## Exercise objective
Please transcribe the data below in full. Omit any picture you find in it.

## Data shown
____

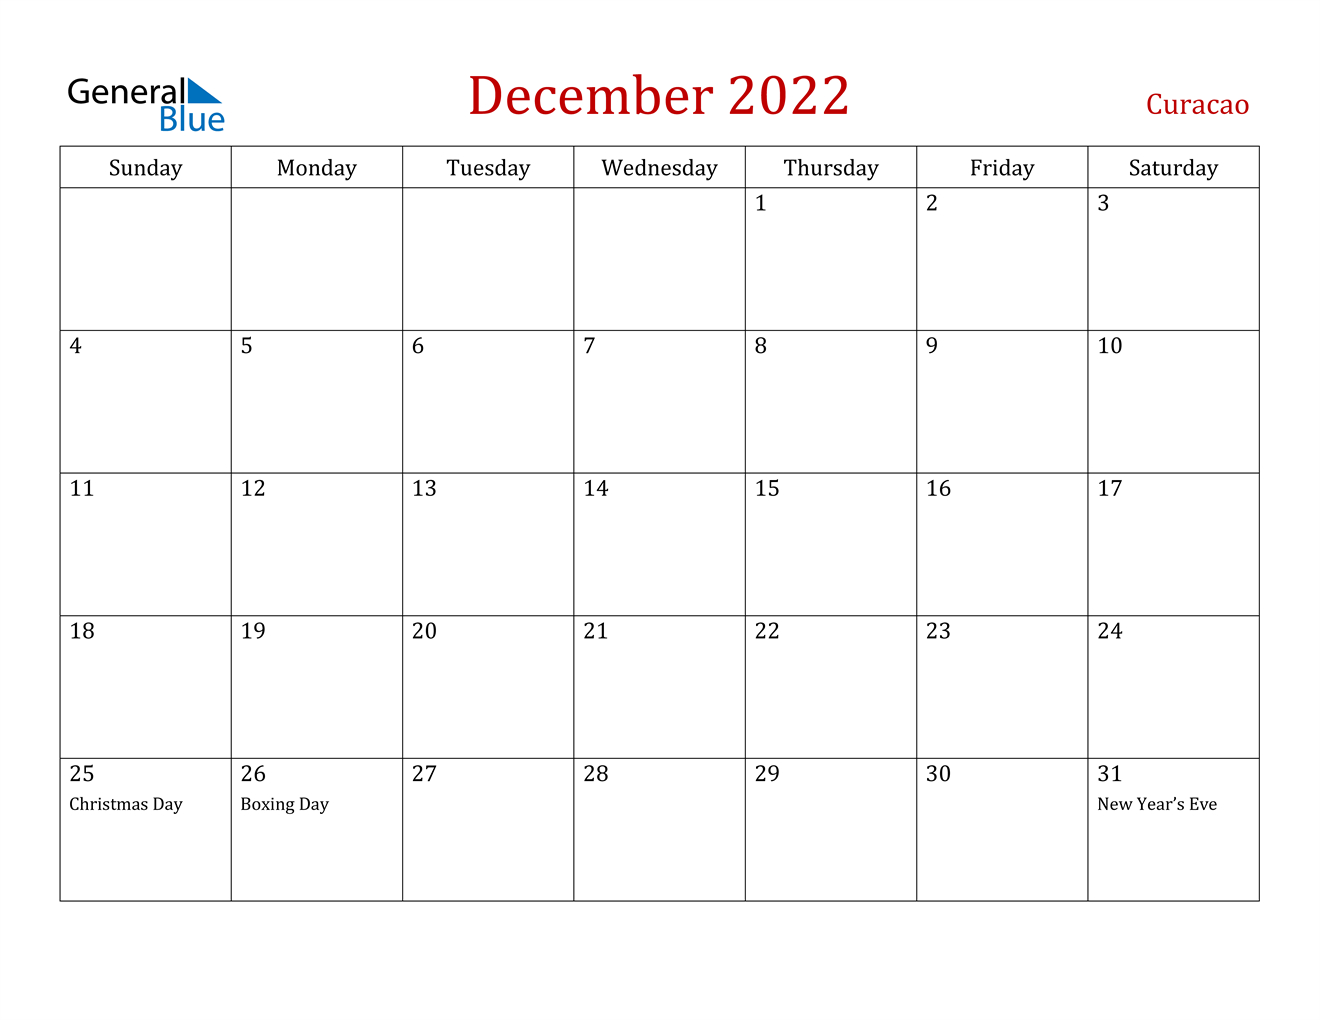 December 2022 Calendar - Curacao Printable Calendar December 2022
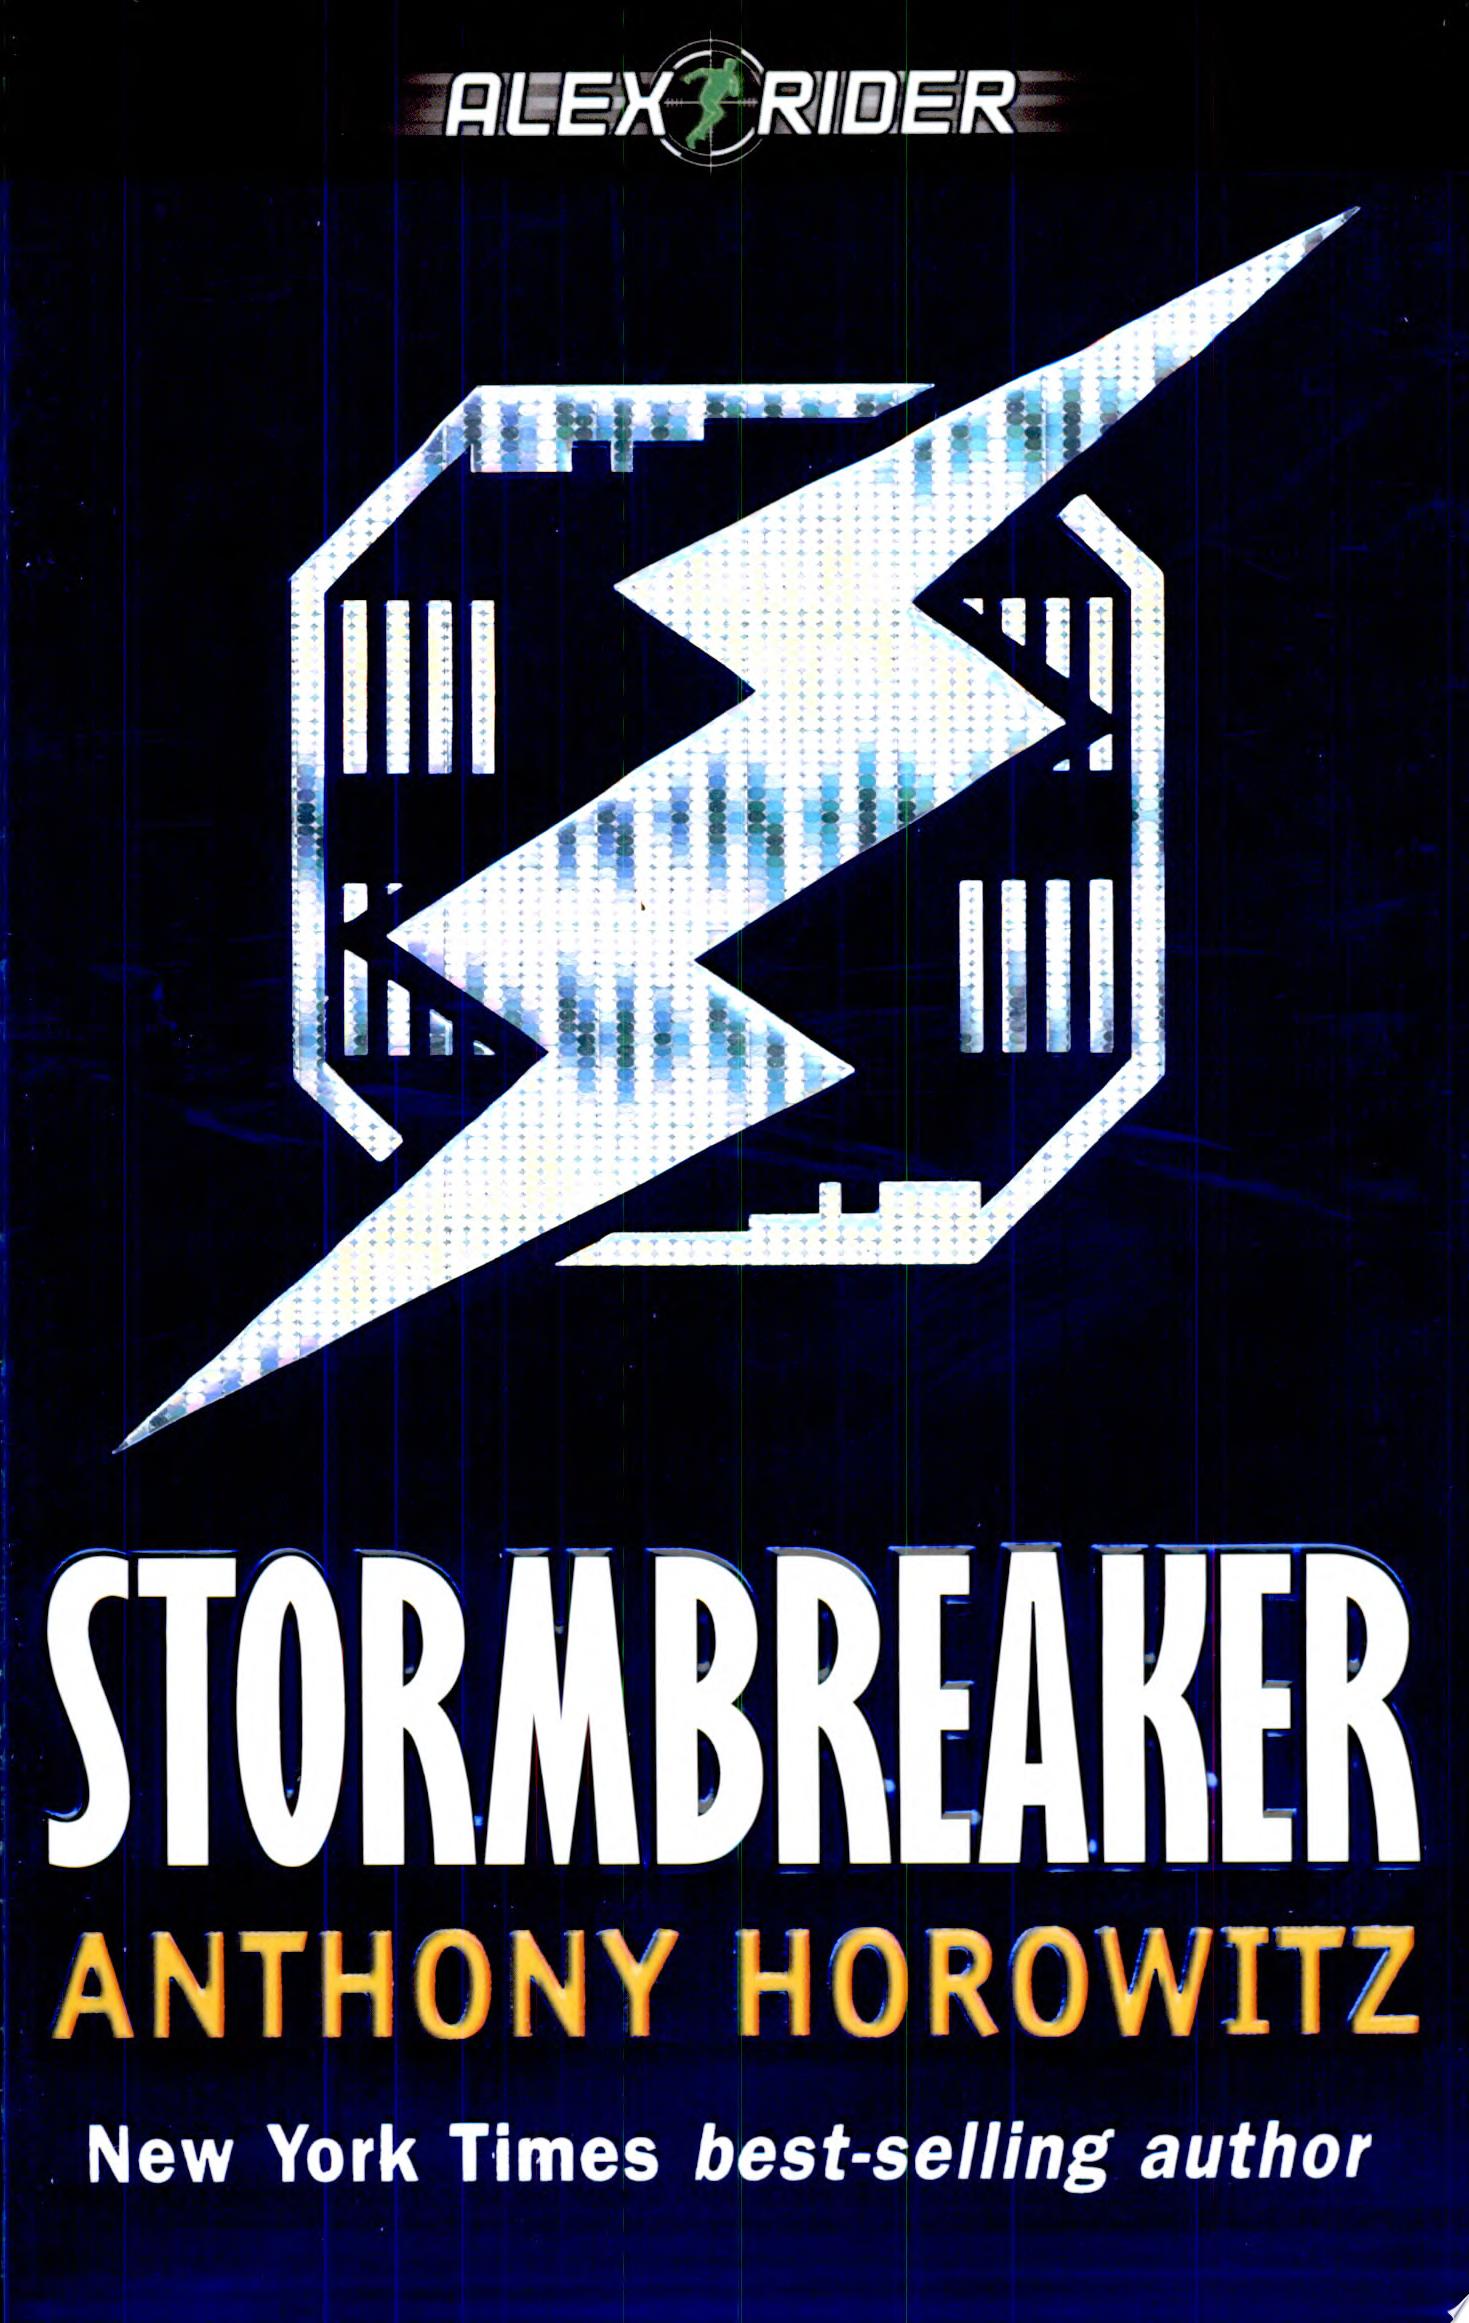 Image for "Stormbreaker"
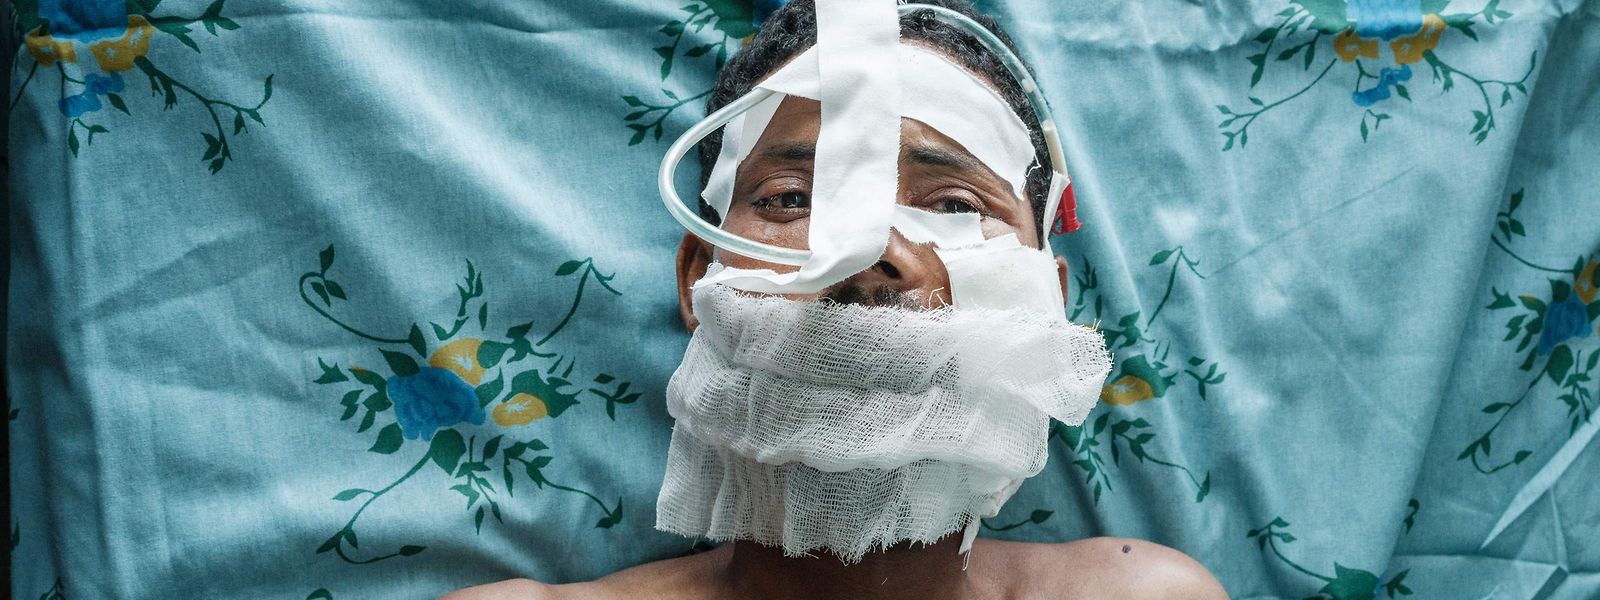 Patienten des Haydar-Hospitals in Mekelle, einige nicht älter als vier Jahre, berichten von ihren traumatischen Erfahrungen während des Konflikts um die äthiopische Krisenprovinz Tigray.
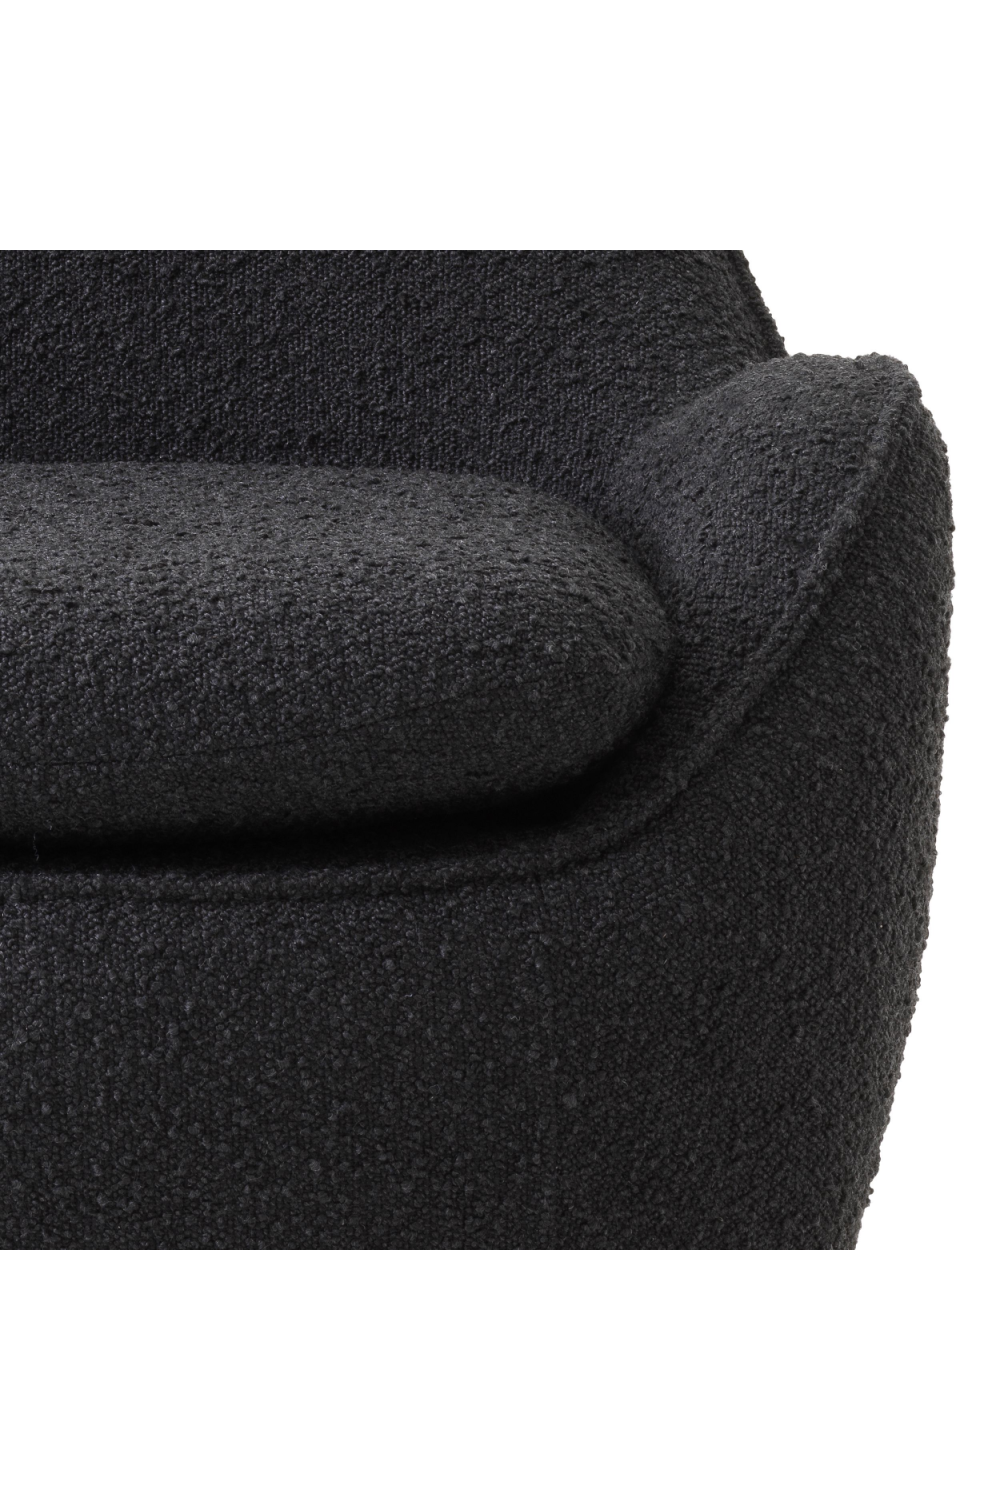 Black Bouclé Swivel Accent Chair | Eichholtz Cupido | Oroa.com

____

## Solved problem
 December 2022 Calendar - Curacao Printable Calendar December 2022
 Image for "Stormbreaker"
 Patienten des Haydar-Hospitals in Mekelle, einige nicht älter als vier Jahre, berichten von ihren traumatischen Erfahrungen während des Konflikts um die äthiopische Krisenprovinz Tigray.
 Black Bouclé Swivel Accent Chair | Eichholtz Cupido | Oroa.com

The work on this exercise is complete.